An Auburn, Wash.-based fleet has been ordered by the Labor Department to pay one of its former truck drivers back wages and to stop an attendance policy that the department says retaliates against drivers who refuse to drive due to safety reasons.
The Department of Labor’s Occupational Safety and Health Administration after an investigation into Oak Harbor Freight Lines ordered the fleet to pay an unnamed driver lost wages after the driver filed a whistleblower complaint under the Surface Transportation Assistance Act.
OSHA said the driver had notified his carrier that he was sick and was taking a prescribed cough medicine — and therefore could not drive.
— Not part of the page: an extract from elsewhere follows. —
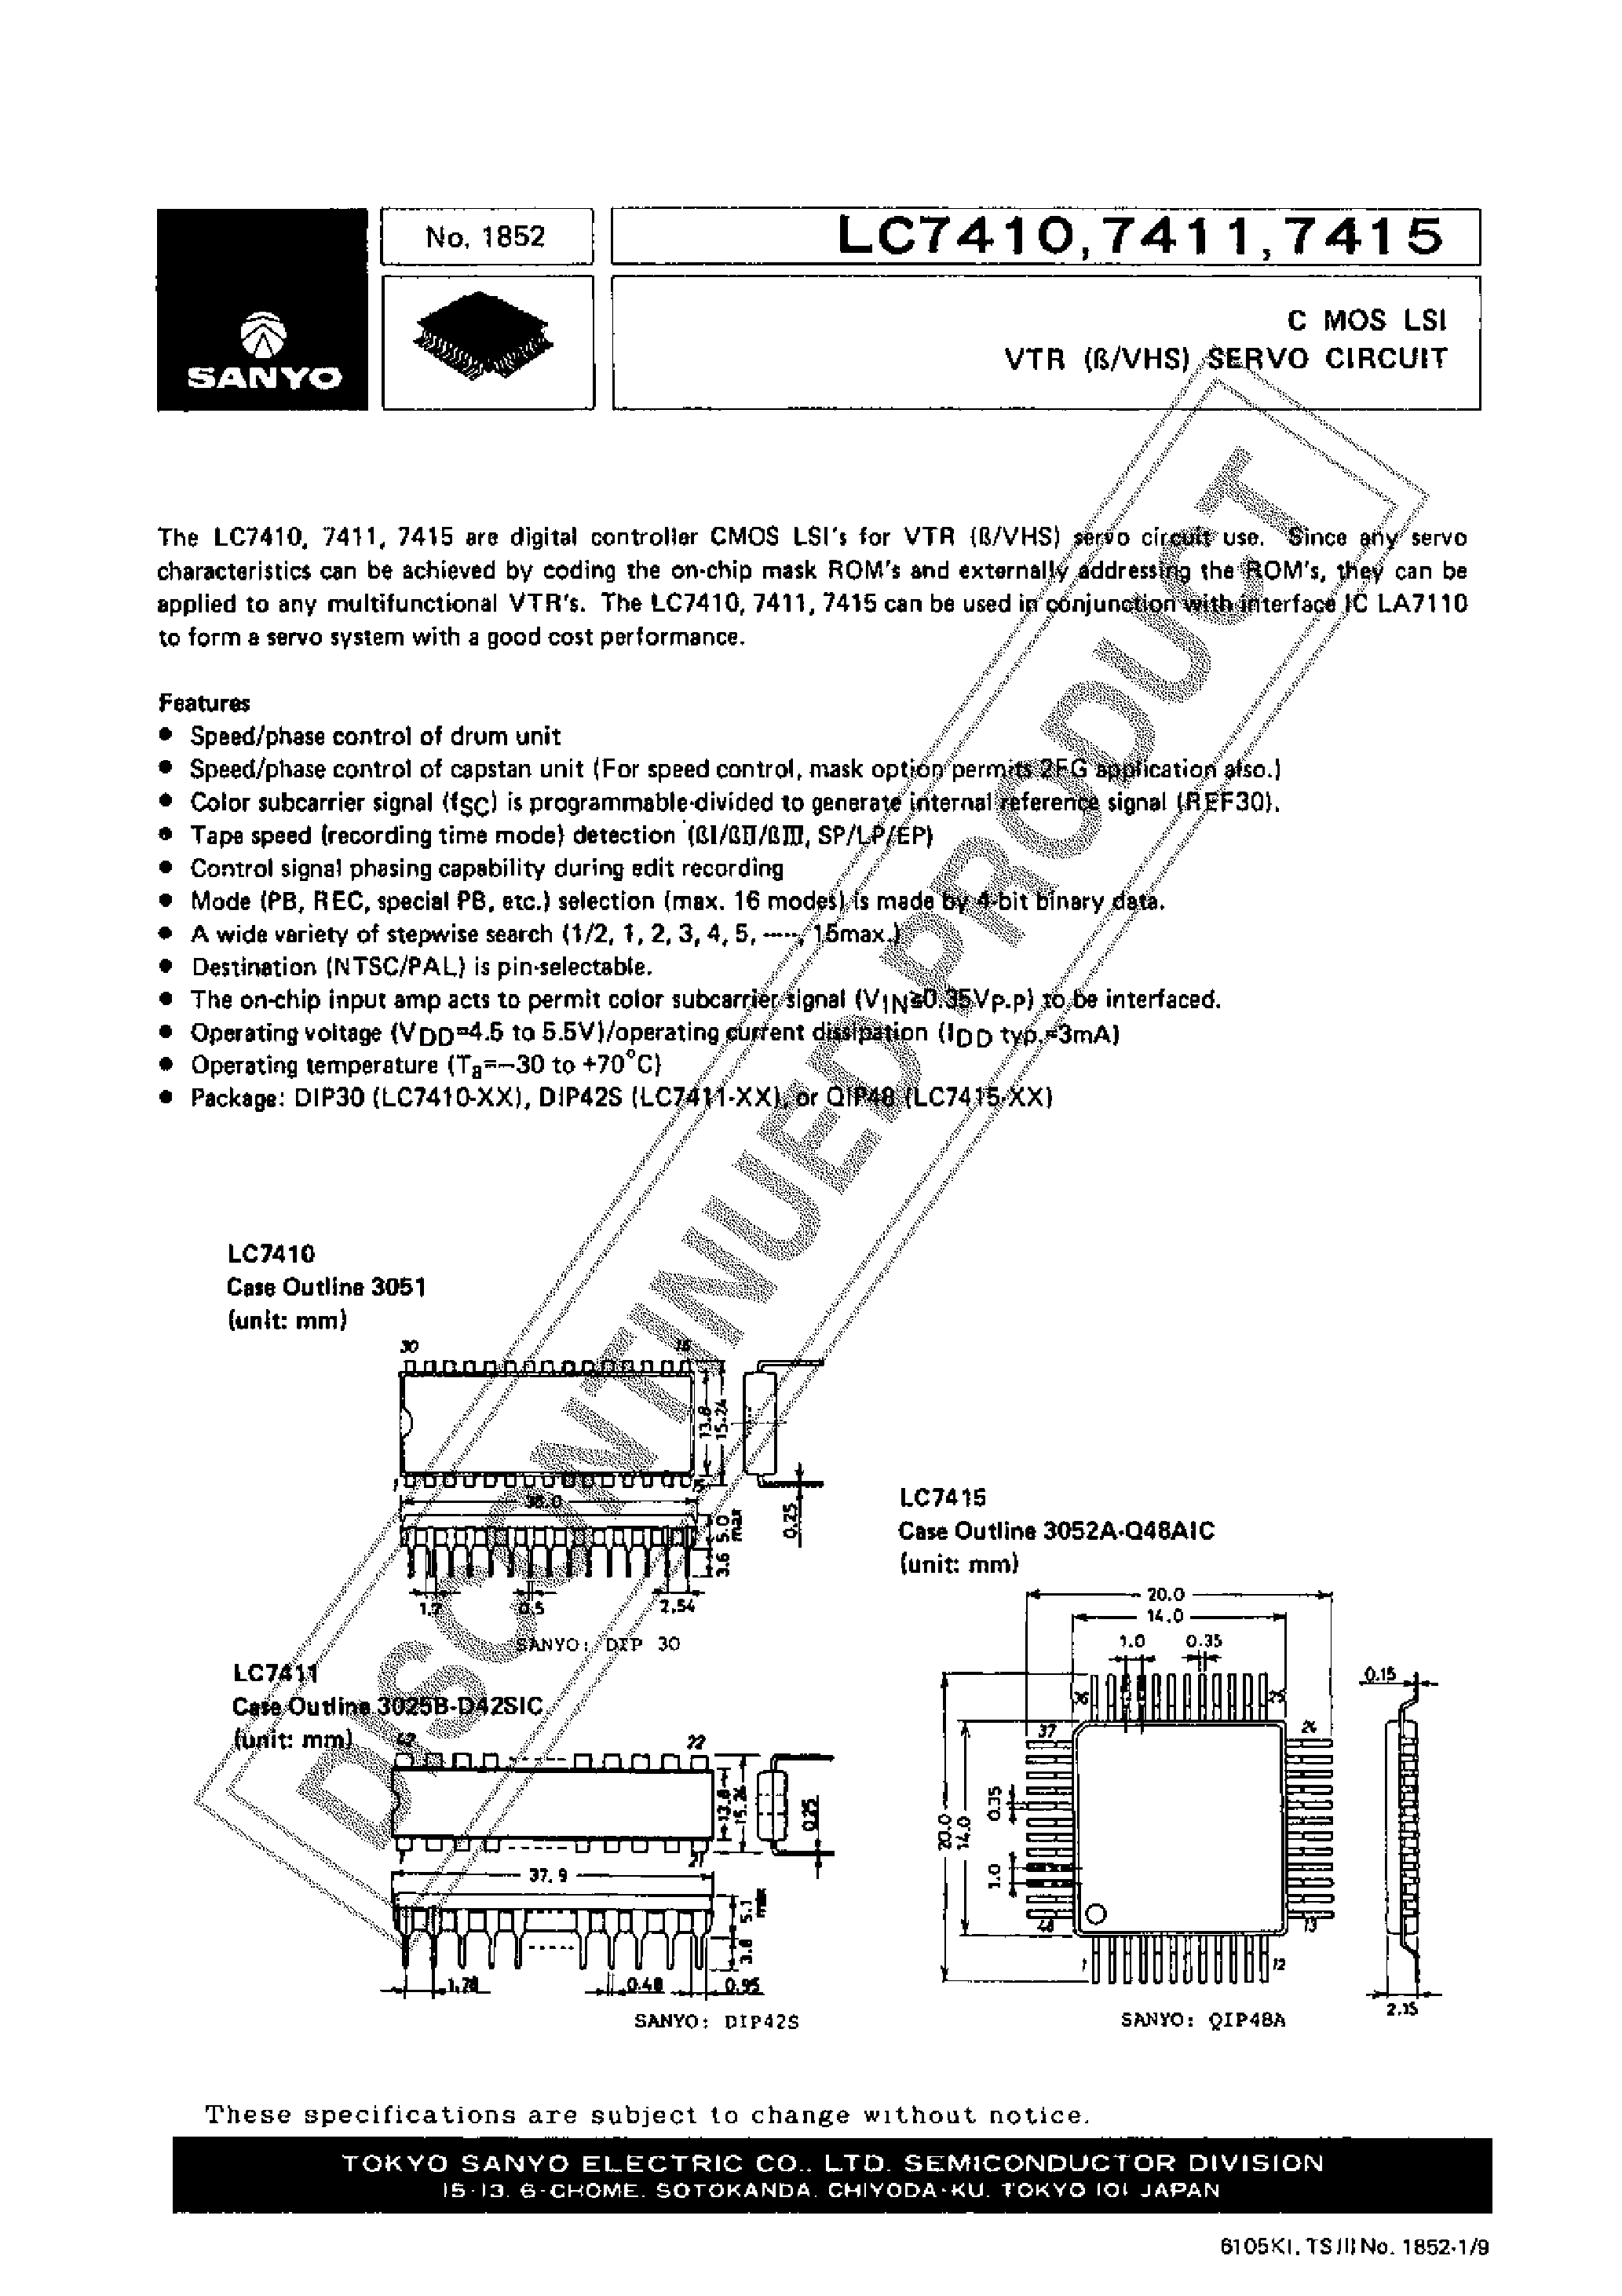 Datasheet LC7410 - (LC7410 - LC7415) CMOS LSI VTR(B/VHS) SERVO CIRCUIT page 1
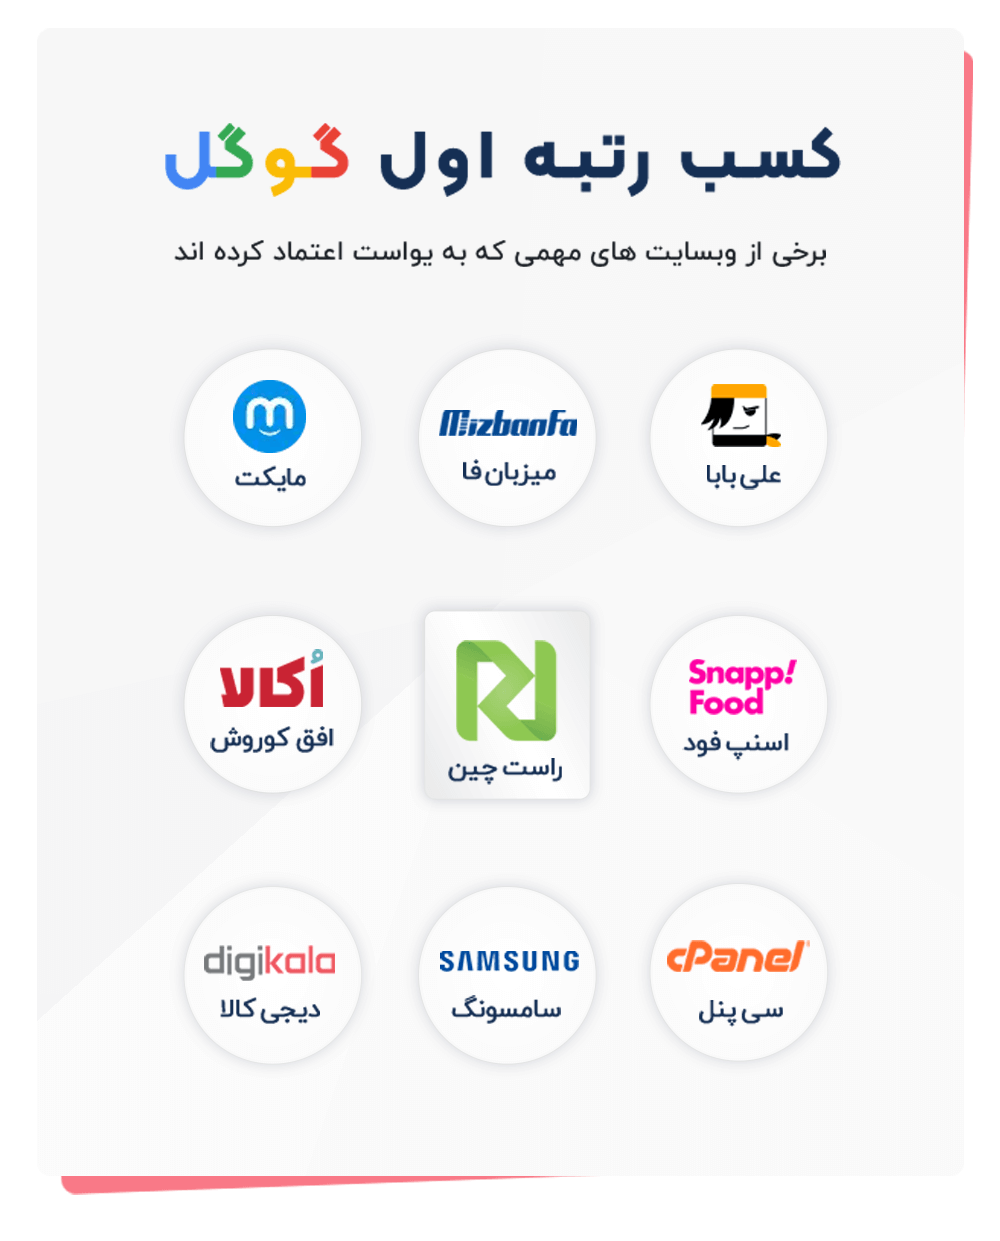 وب سایت های ایرانی که از yoast seo استفاده کرده اند

The driver was then suspended without pay in September 2010.
The Surface Transportation Assistance Act protects drivers from retaliation by employers for refusing to drive when doing so would violate safety laws.
OSHA, in addition to ordering the carrier to compensate the driver, ordered Oak Harbor to stop issuing “occurrences” to drivers, which OSHA says punishes drivers for not driving, regardless of safety concerns, as the attendance policy can lead to disciplinary action.
Oak Harbor will also be required to post a notice for drivers to read to learn more about their rights under STAA.
“Punishing workers for exercising their right to refuse driving assignments is against the law,” said David Mahlum, OSHA’s acting regional administrator in Seattle. “A company cannot place its attendance policies ahead of the safety of its drivers and that of the public.”